After a few moments, she spoke quietly, with a slight tremor in her voice, “It’s been such a long time for us, Miguel. I was hoping that you would have forgiven me by now.”
He took a deep breath, hoping she didn’t notice how shaky it was.
“Some things you don’t get over.”
She looked back at him and there was infinite sadness in her eyes.
“I know…” she said softly. “So I guess there’s no chance that you might want to see me again, after tonight then?”
He shook his head.
She sighed deeply. She turned to head back toward the dimly-lit hall, with the loud music spilling out of the door each time it was opened. She stopped at the door. She spoke again without turning her head to look at him, speaking so quietly that he had to strain to hear her.
“Goodbye, Miguel. It was good to see you again.”
She quickly walked through the door and away from him, and he watched as she disappeared into the crowd.
Then he said out loud to himself, “I finally got to be the one to tell her ‘No’.”
He shook his head.
“So why doesn’t it feel good? Why do I feel like such an asshole?”

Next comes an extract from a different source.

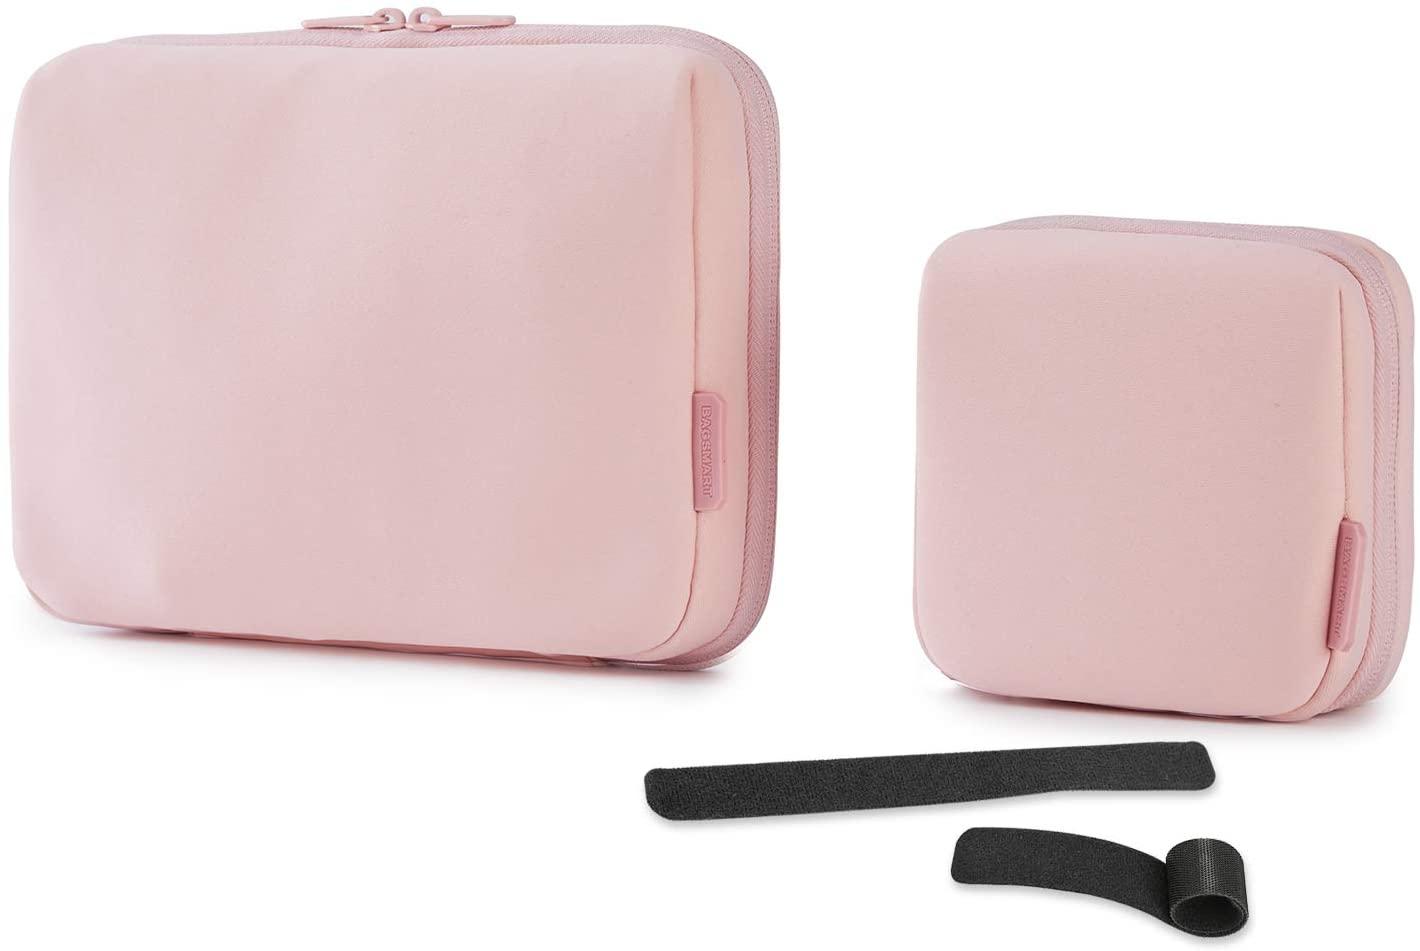 BAGSMART 케이블 전자 오거나이저 2PCS 여행 포장 가제트 가방 주머니 용 7.9 인치 아이 패드 케이블 마우스 전화 USB SD 카드 (핑크)

Angrily he drained his drink then threw his glass at the wall under the balcony. He enjoyed the sound of it shattering as a thought flashed through his head, “Just like my heart.”
He got up and strode back into the hall to get another drink.
Much later, when the lights were once again turned on brightly, the music stopped while the DJ announced that the party was over. He cordially invited them all to come back for the next reunion, in another ten years. Miguel half-heartedly looked around the hall for the olive-colored silk dress, but he knew that she was gone.
He somehow managed to drive himself home. He passed out fully dressed on his bed once he made it into his bedroom. And when he awoke in the morning with a major hang-over headache, and saw the grey skies with a steady rain drizzling down, he thought how appropriate it was that even the weather was depressed.